(Beginning of Data section)
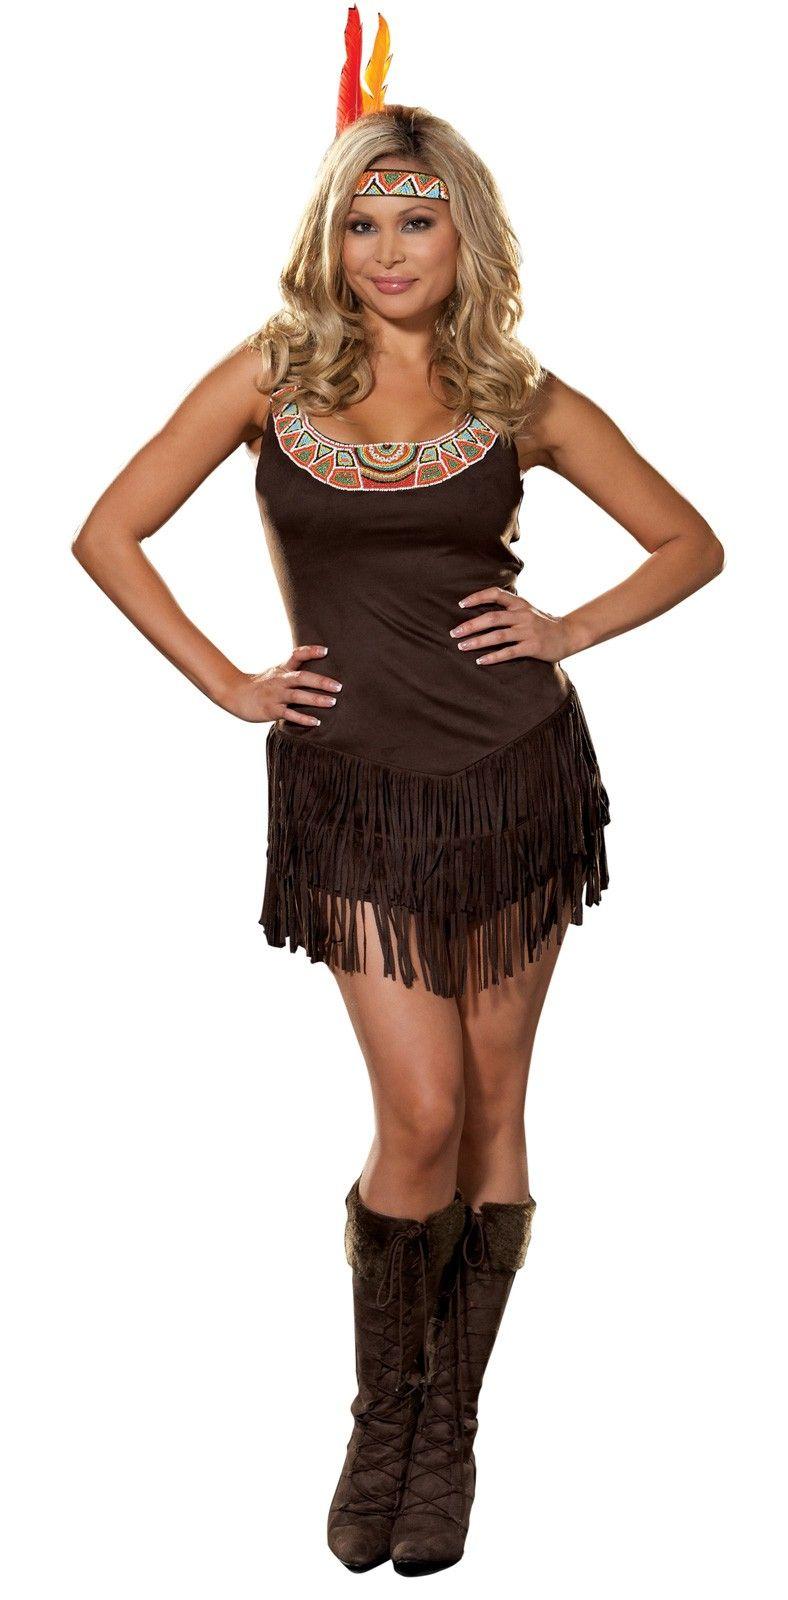 Pocahottie Adult Plus Womenu0027s Costume  sc 1 st  Pinterest & Pocahottie Adult Plus Womenu0027s Costume | Pocahontas Costumes ...
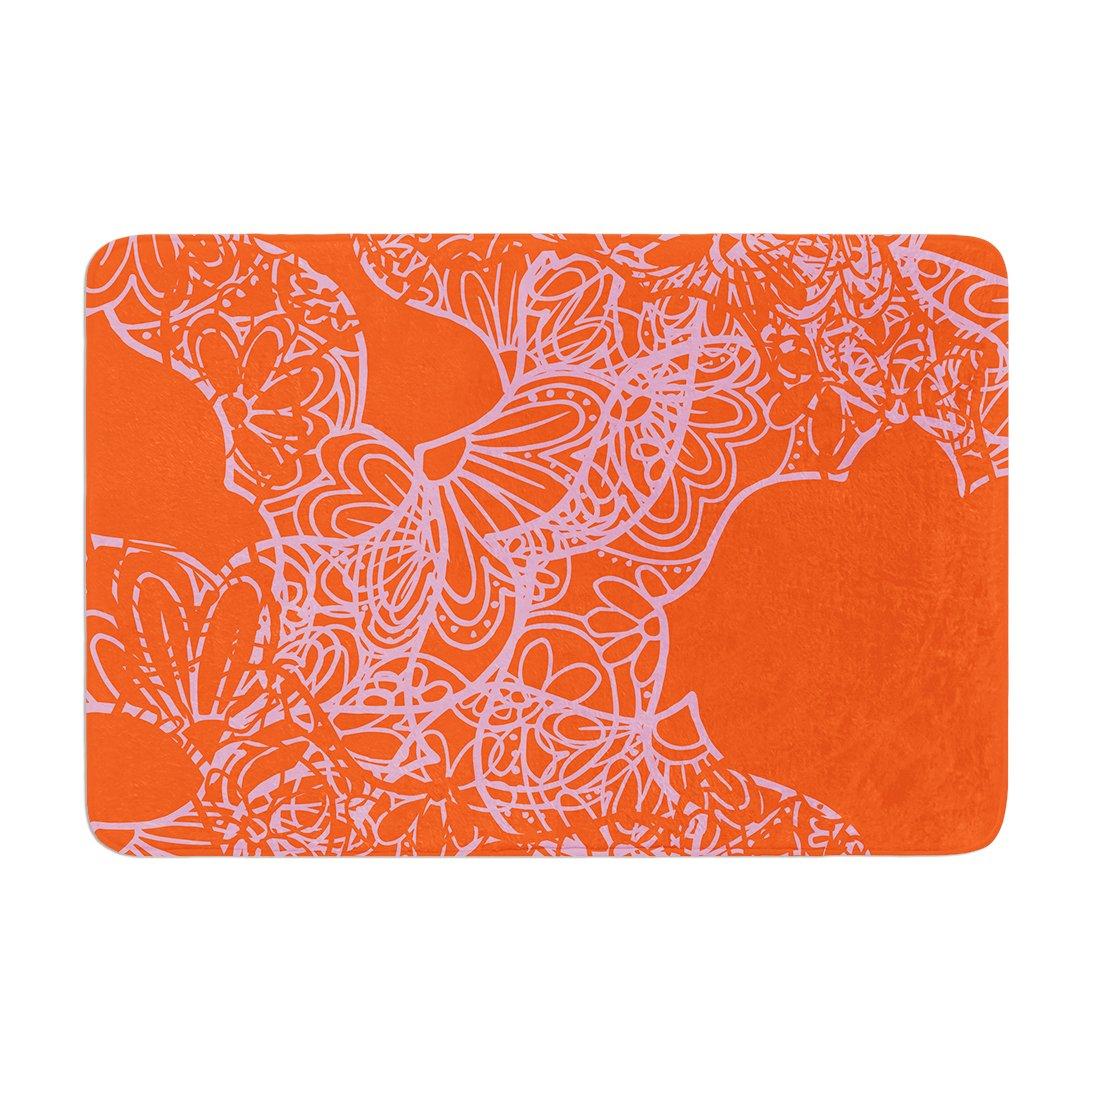 Kess InHouse Patternmuse Mandala Pumpkin Orange Pink Memory Foam Bath Mat 17 by 24
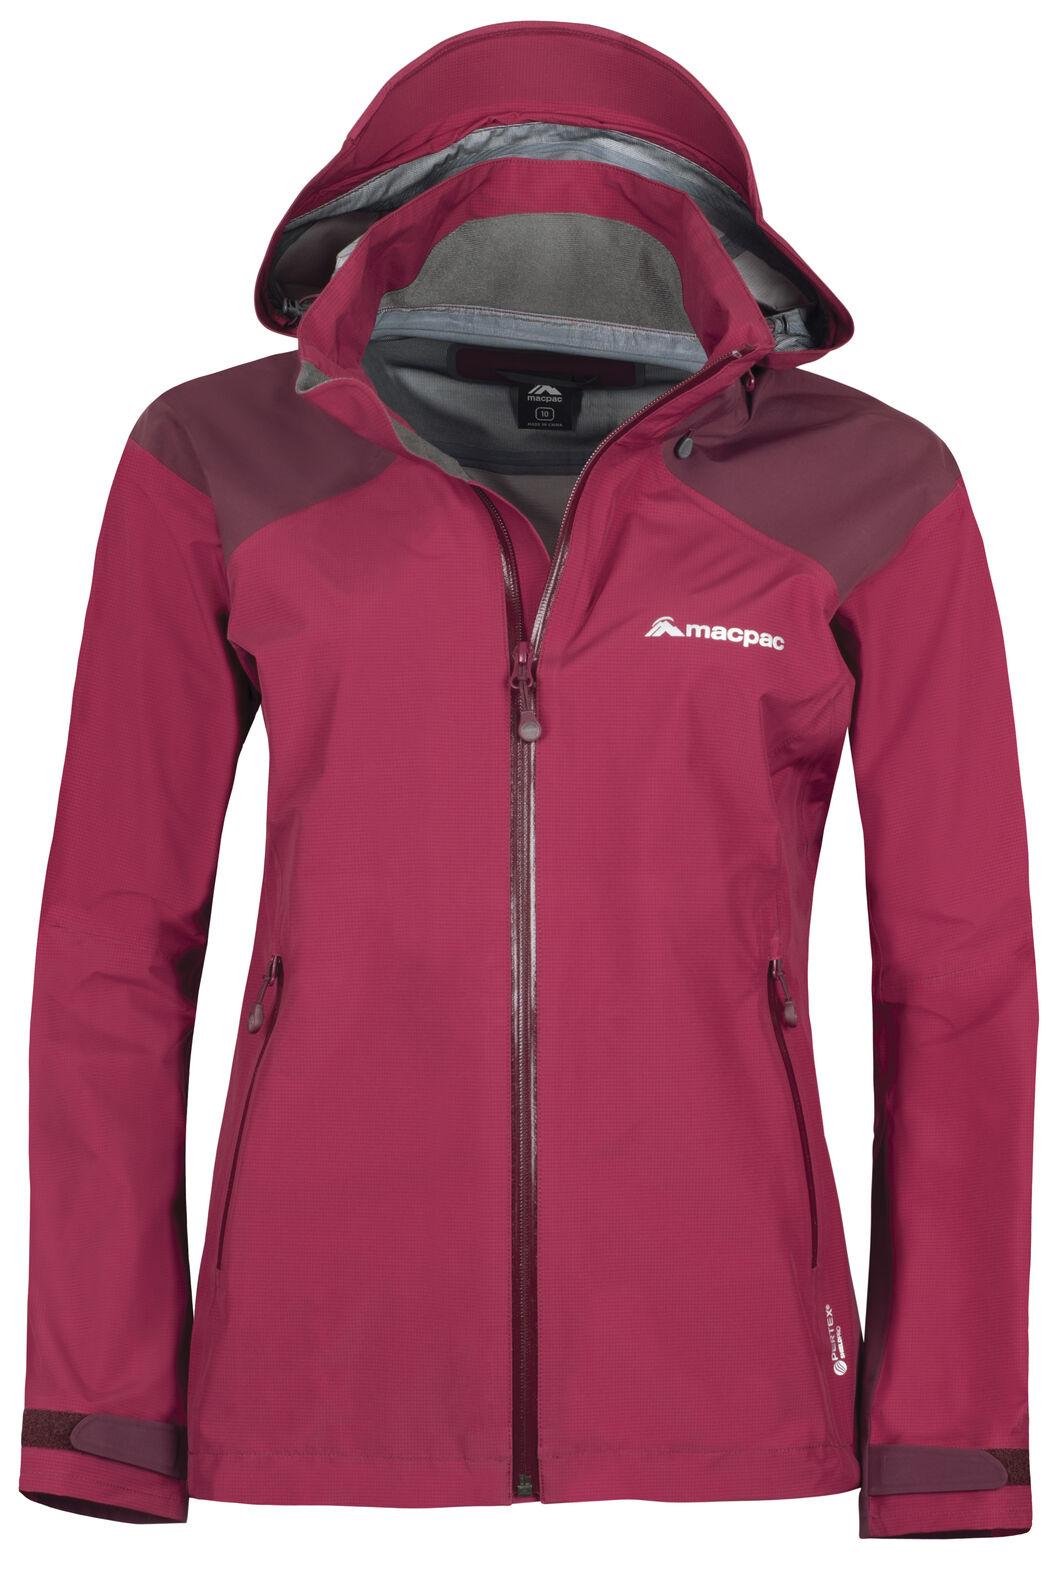 Macpac Traverse Pertex Shield® Rain Jacket - Women's, Rumba Red/Windsor Wine, hi-res
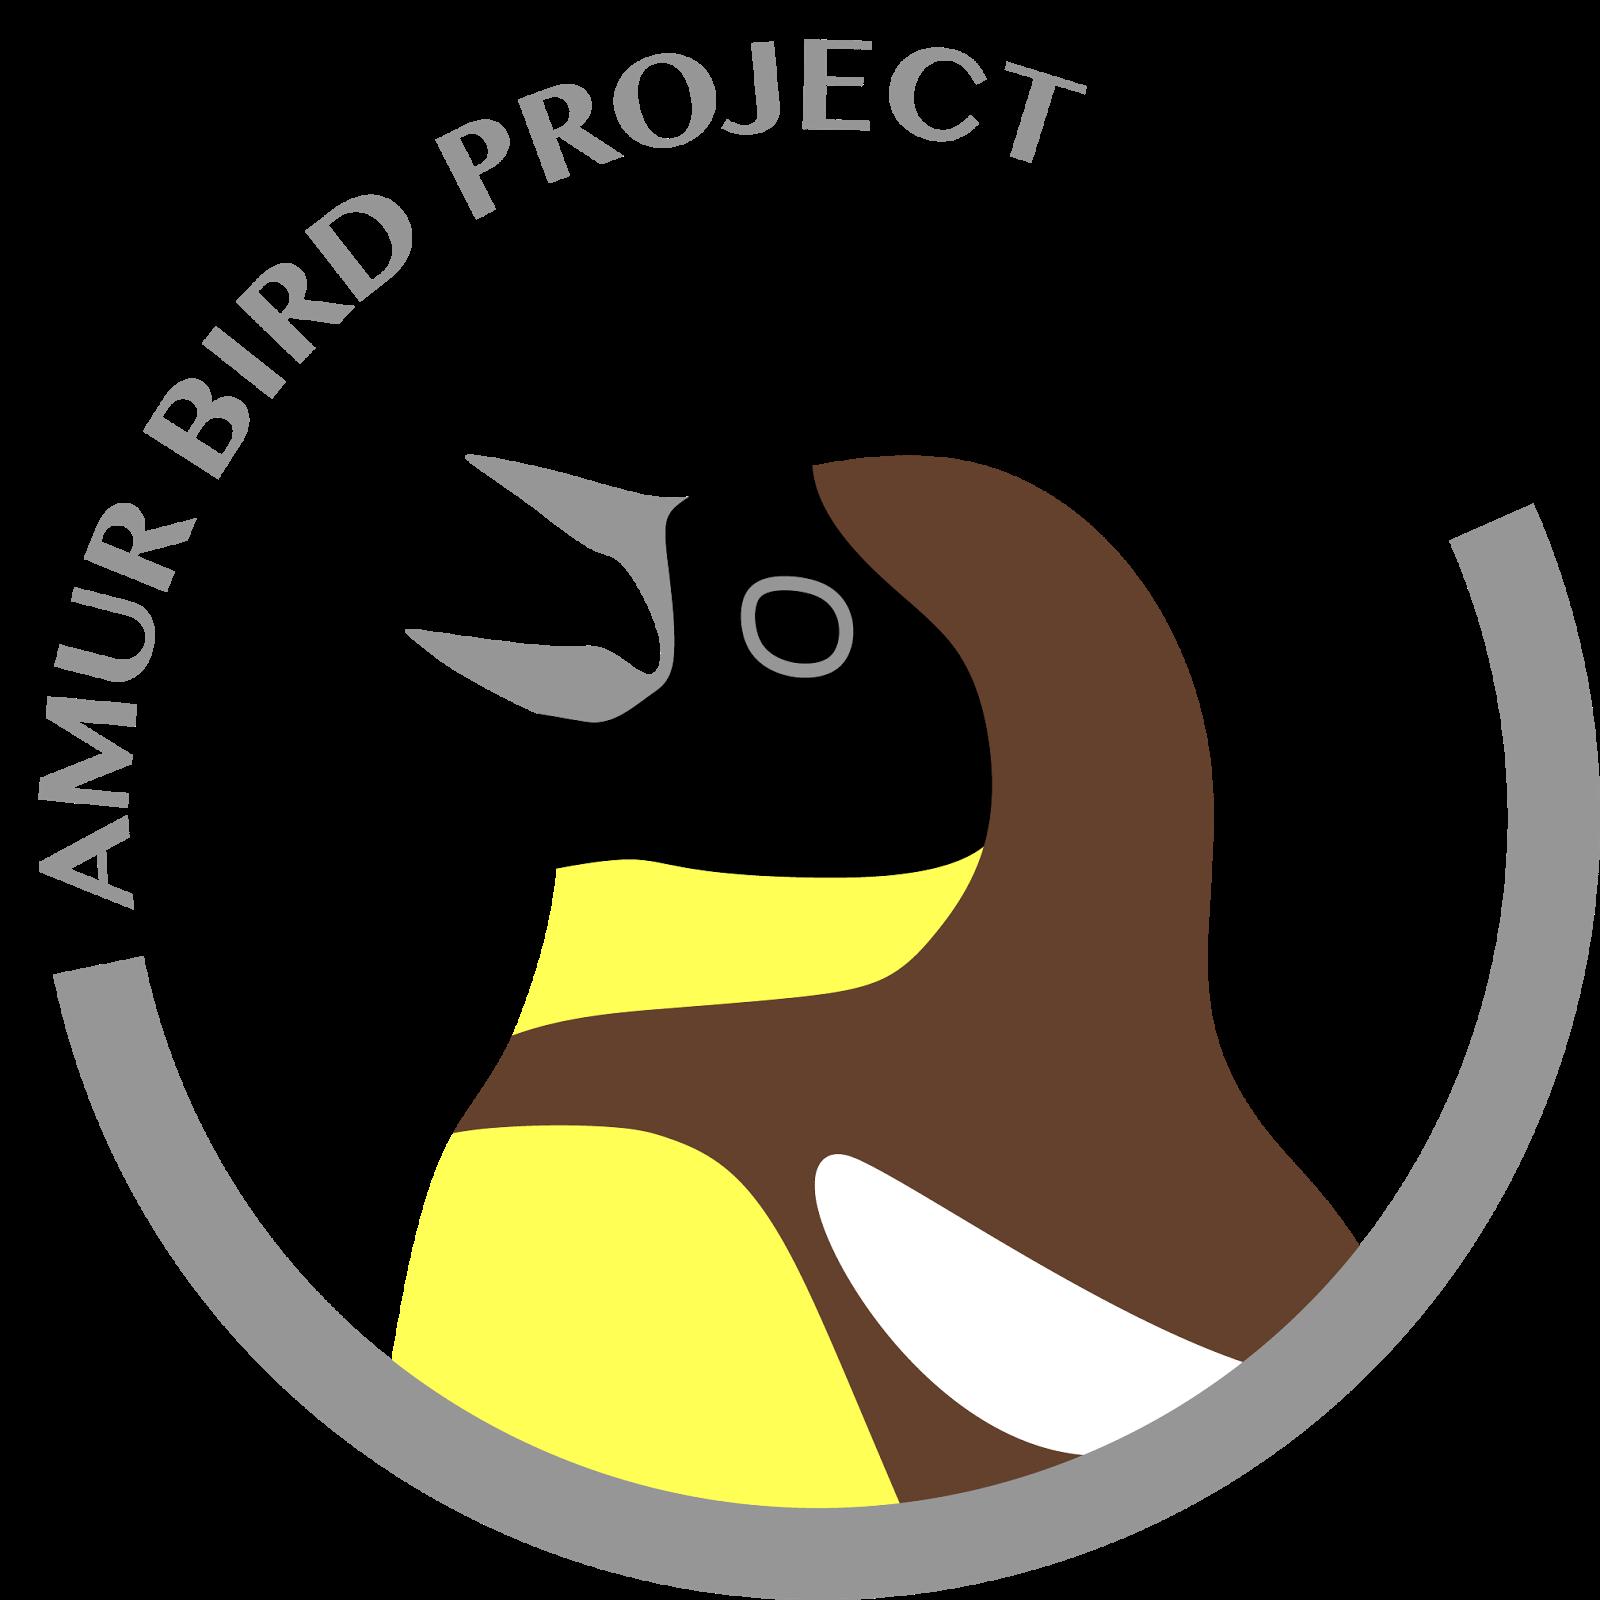 Amur bird project . Falcon clipart yellow warbler
(End of Data section)
→ **Problem to work on**
Render the data above verbatim and without pictures.

→ **Exercise response**
 Pocahottie Adult Plus Womenu0027s Costume  sc 1 st  Pinterest & Pocahottie Adult Plus Womenu0027s Costume | Pocahontas Costumes ...
 Kess InHouse Patternmuse Mandala Pumpkin Orange Pink Memory Foam Bath Mat 17 by 24
 Macpac Traverse Pertex Shield® Rain Jacket - Women's, Rumba Red/Windsor Wine, hi-res
 Amur bird project . Falcon clipart yellow warbler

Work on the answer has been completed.